» **DATASET EXCERPT**
##############################

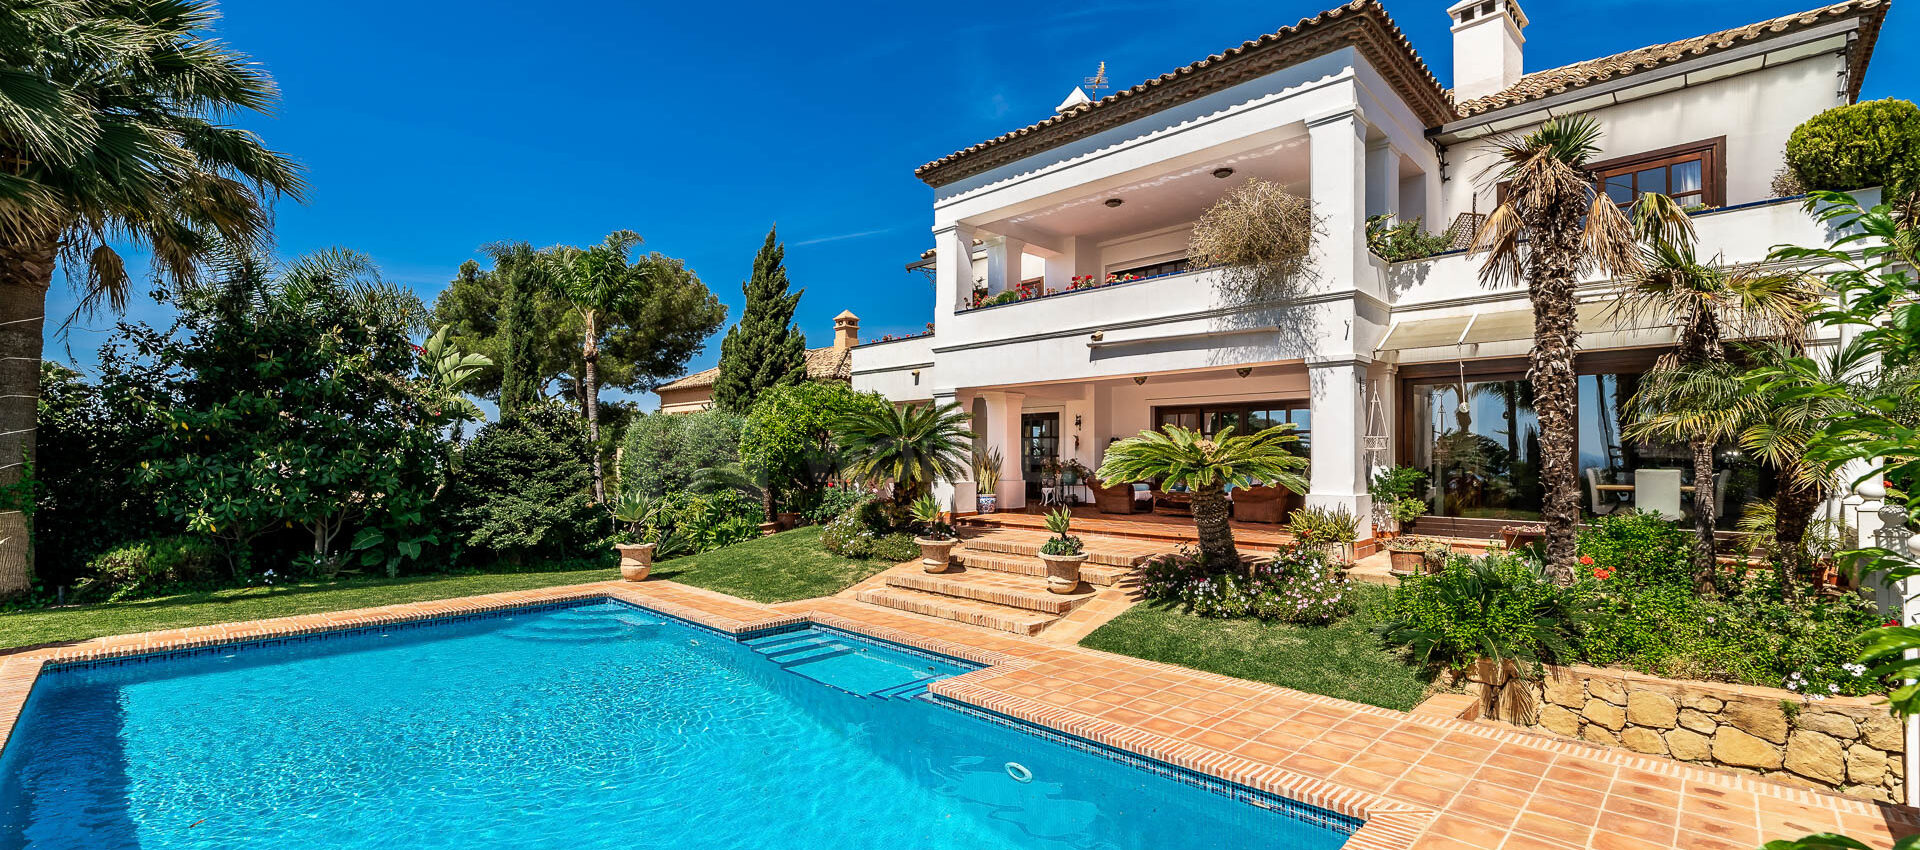 Exclusive Villa with the best sea views in Altos Reales Marbella
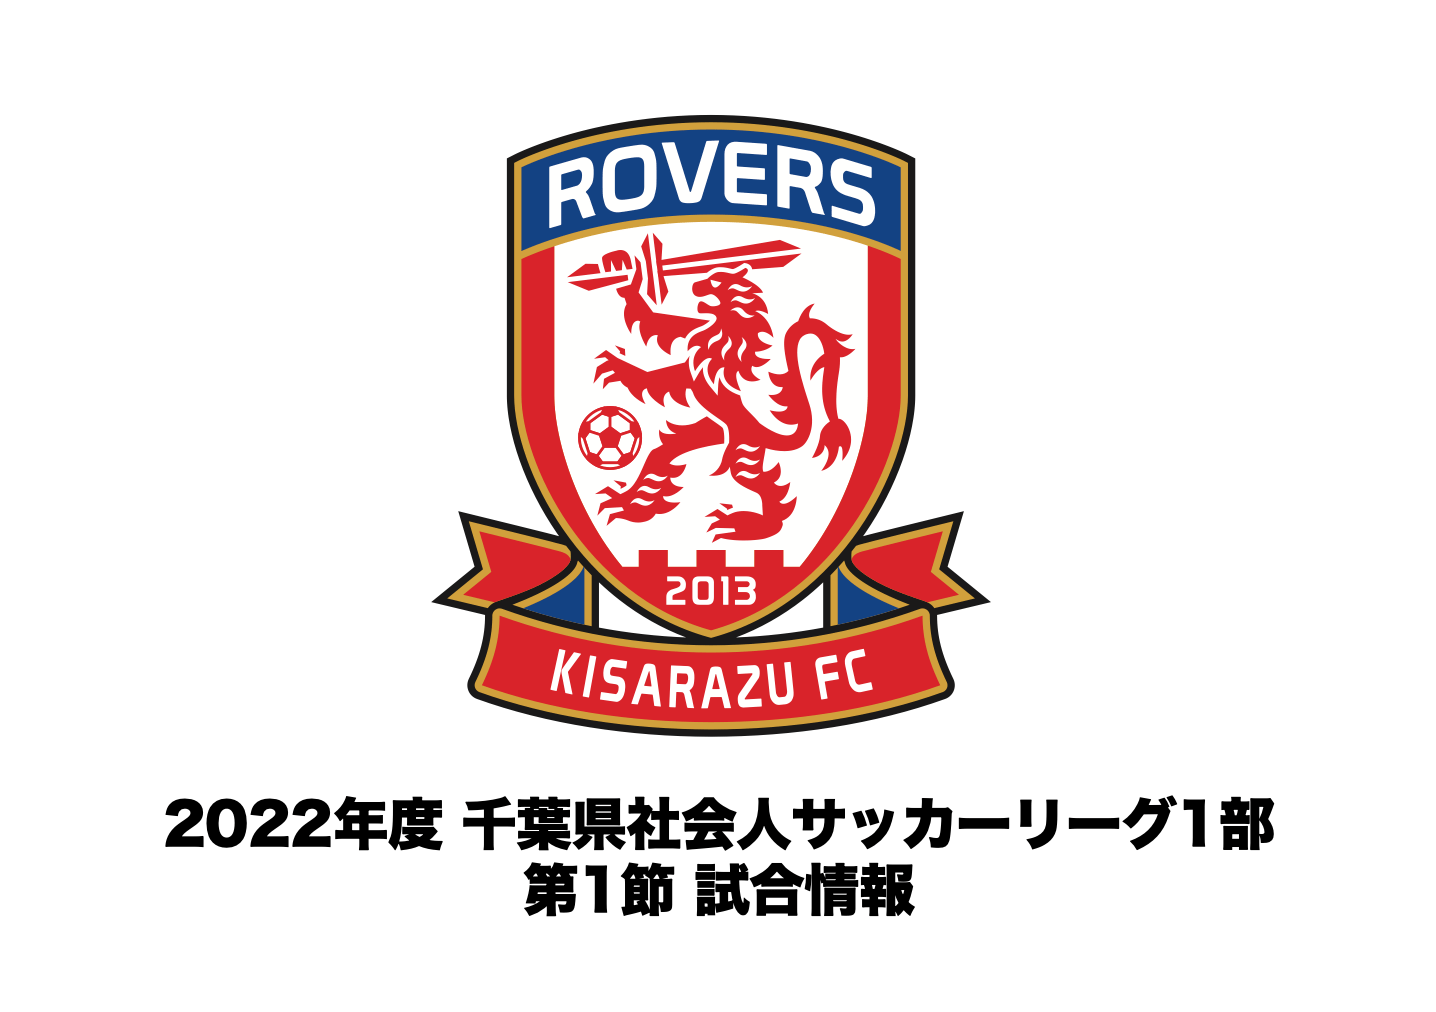 【試合情報】2022年度 千葉県社会人サッカーリーグ1部 第1節についてお知らせ
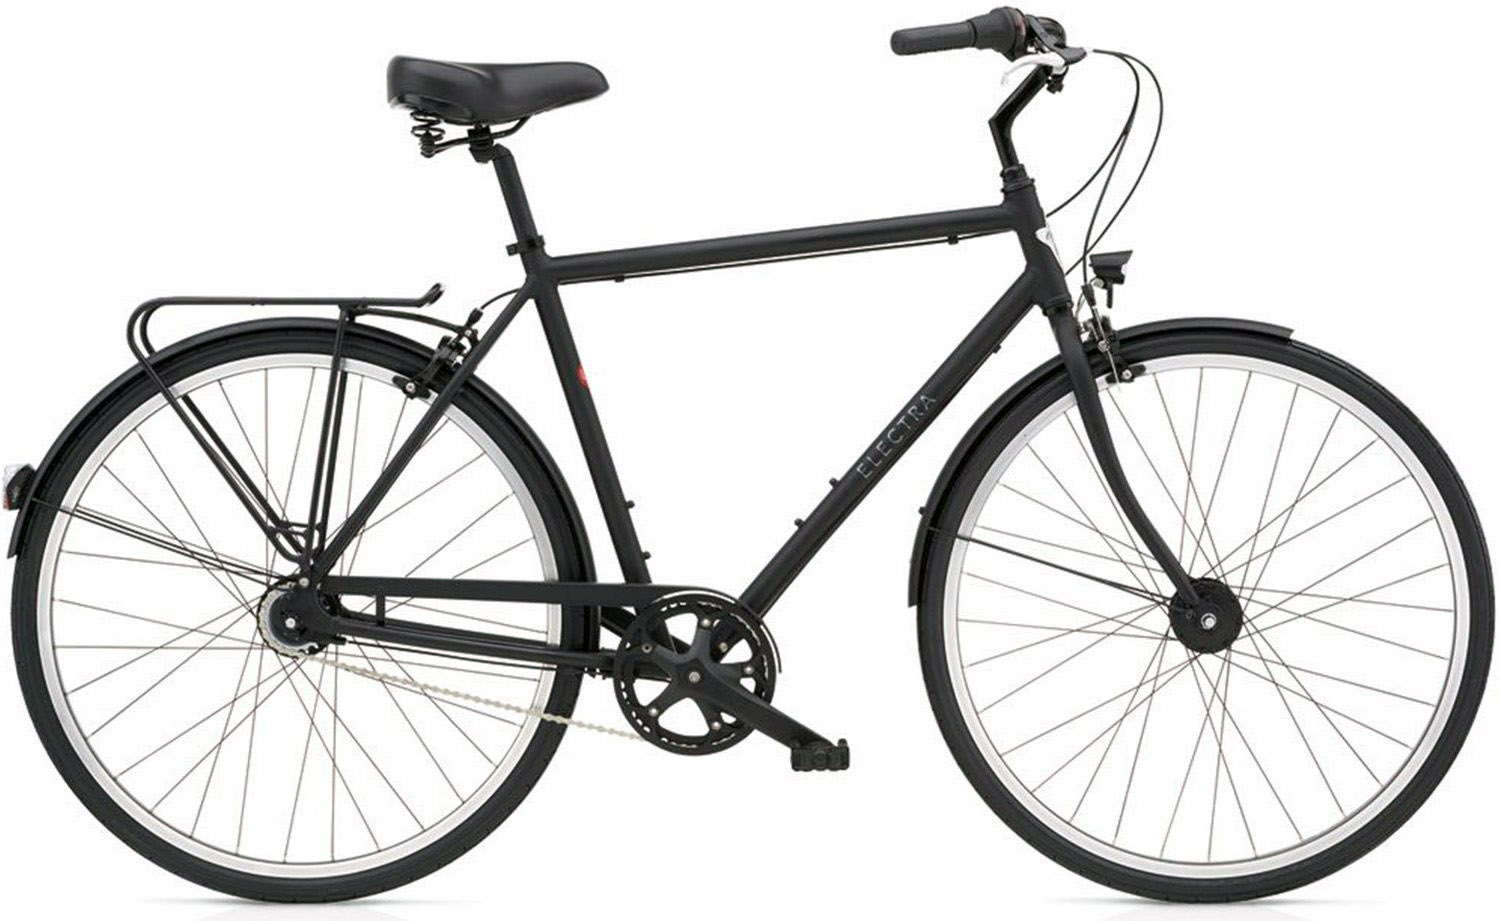  Отзывы о Городском велосипеде Electra Loft 7i EQ Mens (2021) 2021
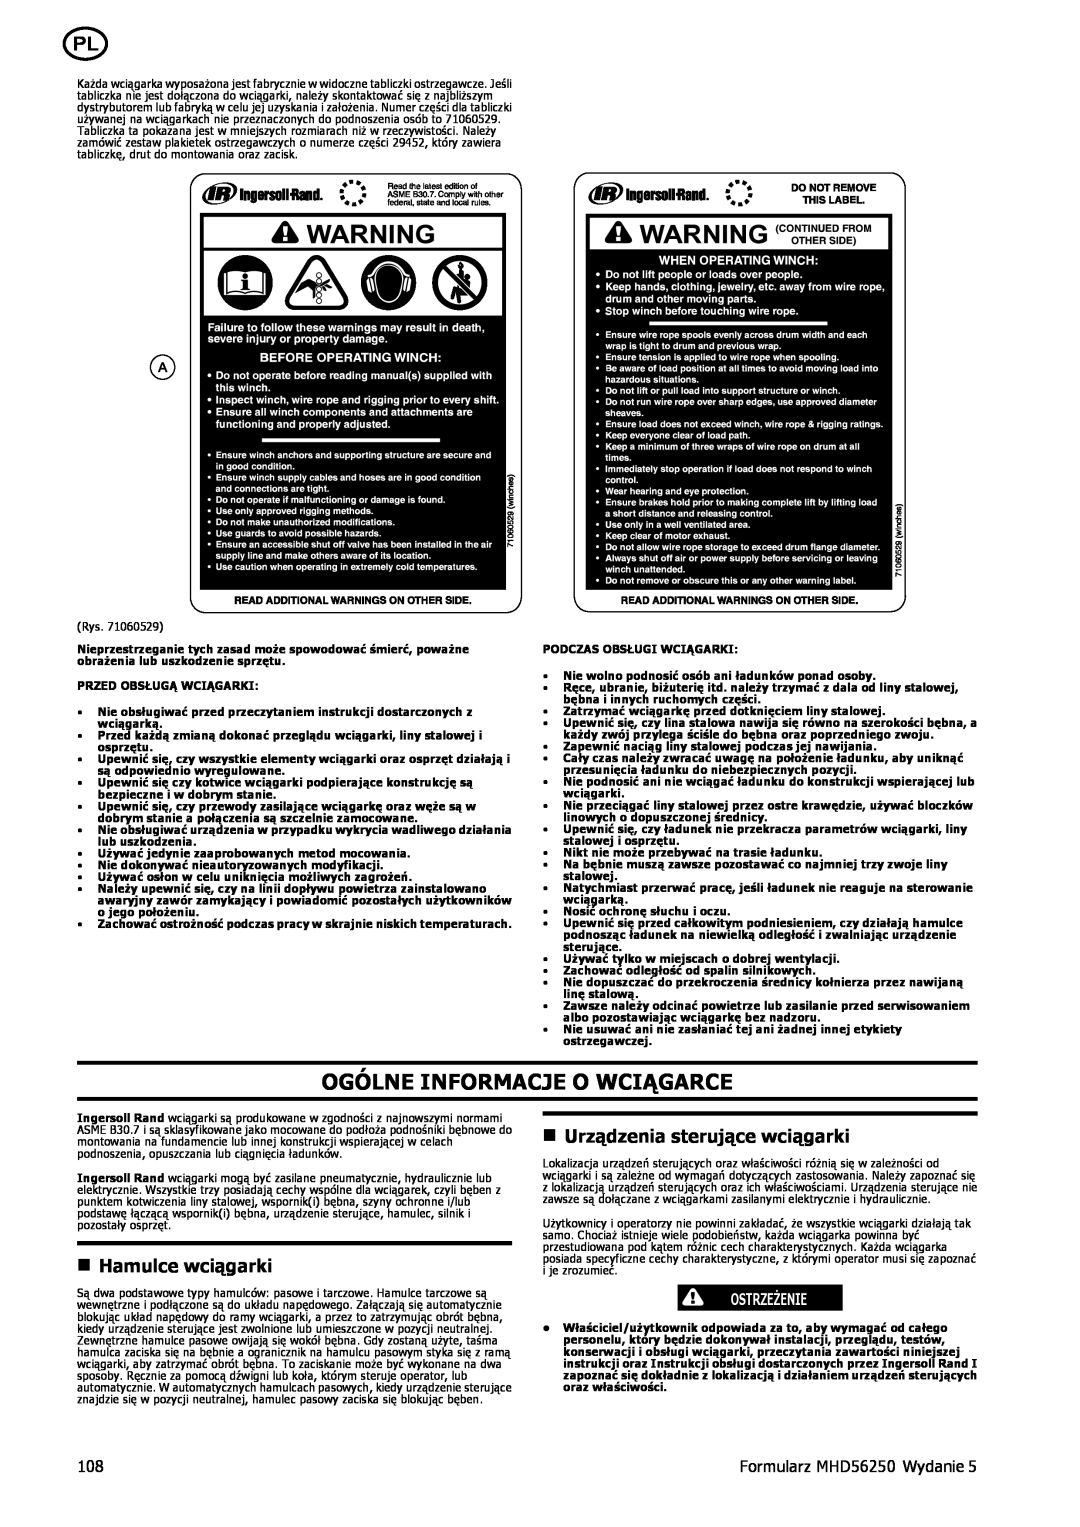 Ingersoll-Rand MHD56250 Ogólne Informacje O Wciągarce, n Hamulce wciągarki, n Urządzenia sterujące wciągarki, Ostrzeżenie

##############################

» **WORK ORDER**
With the pictures removed, return the full listing exactly as given.

» **EXPECTED ANSWER**
 Exclusive Villa with the best sea views in Altos Reales Marbella
 【試合情報】2022年度 千葉県社会人サッカーリーグ1部 第1節についてお知らせ
  Отзывы о Городском велосипеде Electra Loft 7i EQ Mens (2021) 2021
 Ingersoll-Rand MHD56250 Ogólne Informacje O Wciągarce, n Hamulce wciągarki, n Urządzenia sterujące wciągarki, Ostrzeżenie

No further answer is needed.